Donnie Wahlberg is the actor who enters the story at the beginning as Vincent.  Vincent is a former patient of Dr. Crowe's and we see him almost nude in the bathroom of the Crowe home.  This is a relatively short but powerful scene.  Wahlberg gets totally into it and brings the character painfully alive.  Crowe has failed this patient.  Vincent screams out in pain: "You failed me.  You failed me!"  At first Crowe doesn't even remember him and then when he does he apologizes.  But it is too late for apologies.  Vincent then takes a gun and shoots Dr.

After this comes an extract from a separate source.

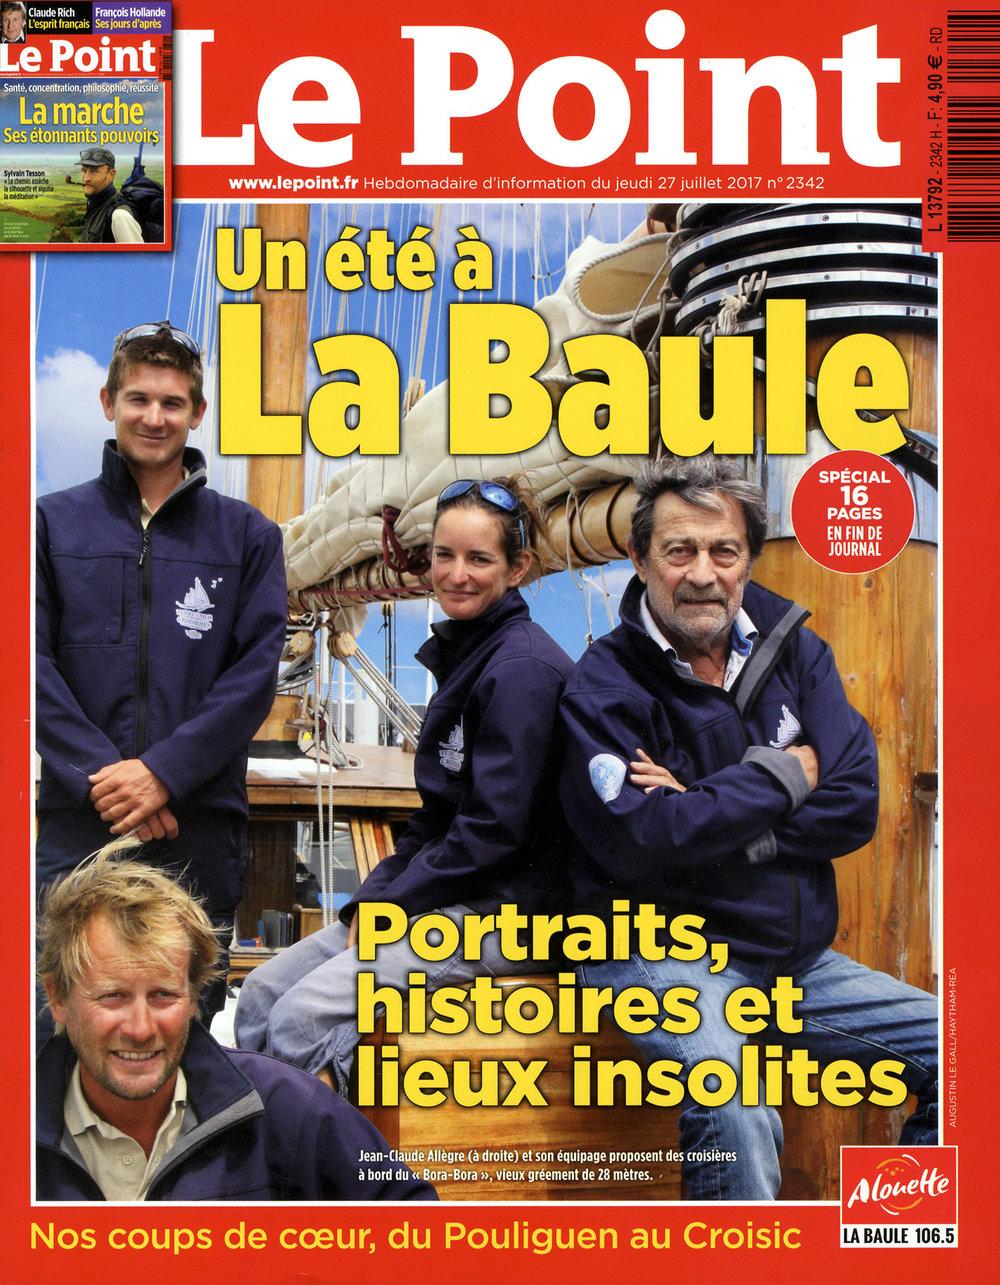 00-Augustin Le Gall Haytham pour Le Point Juillet-000.jpg

Crowe and turns the gun on himself.  Wahlberg prepared for this role by losing a lot of weight and trying to really feel the pain of a person who has for years been a freak who saw dead people and who was diagnosed as mentally ill.   It was his idea to be nude for the scene and he even improvised some of the lines.  He committed to the five minute part 1000% and it comes through.

 

Toni Collette is the Australian actor who plays Cole's mother Lynn Sear and was nominated for an Academy Award as Best Supporting Actress.  She does a really fine job as the mother and says that the key reason she took the role was the scene she had with her son in the car.  If you ask great actors how they are able to do the work that they do so well, they will almost uniformly tell you that the single most important skill of their profession is their ability to listen.  While in that car with her "son" Haley Joel Osment, Toni Collette is carefully listening to what he says, empathizing with how his character must be feeling, and she then becomes the mother, feels the pain, cries and "acts" so powerfully that her character comes alive on the screen so that we all feel the pain.  This is what communication is all about---listening in this way with concentration and empathy.

 

Other great stories about ghosts and the occult have been turned into movies.  This is a theme in the literature of all cultures because everyone is concerned about what happens after a human being dies.  Shyamalan was 27 when everything came together for him and he created The Sixth Sense and as he says: "I hope it will happen again."  As long as he lives consistent with the messages of this film, then I am sure that it will come together for him again as the films messages will help guide his life just as they have the potential to guide your life.

 

William Peter Blatty is the author of The Exorcist.  (He also wrote the screenplay based on his novel and won the Academy Award for it in 1973).  He believes that nature has never created a desire for what is unattainable.  If you have a thirst, water is somewhere.  If you experience hunger, food exists to meet that desire.  He believes the same holds true with an after life.  It is a universal craving, desire, need that we want met and he believes, therefore, in an afterworld.  Bruce Joel Rubin, author of Ghost and Jacob's Ladder says that he wrote these stories because: "I need to understand what I'm doing here."  These authors all believe that at the heart of the answer is our impulse to evolve.  If you want to evolve, if you want to better understand the universe and why we are here, if you want a more loved and loving existence as a human being; then I know of no better skill that will help you achieve all of these things than for you to sharpen your communication skills through becoming an ever better listener.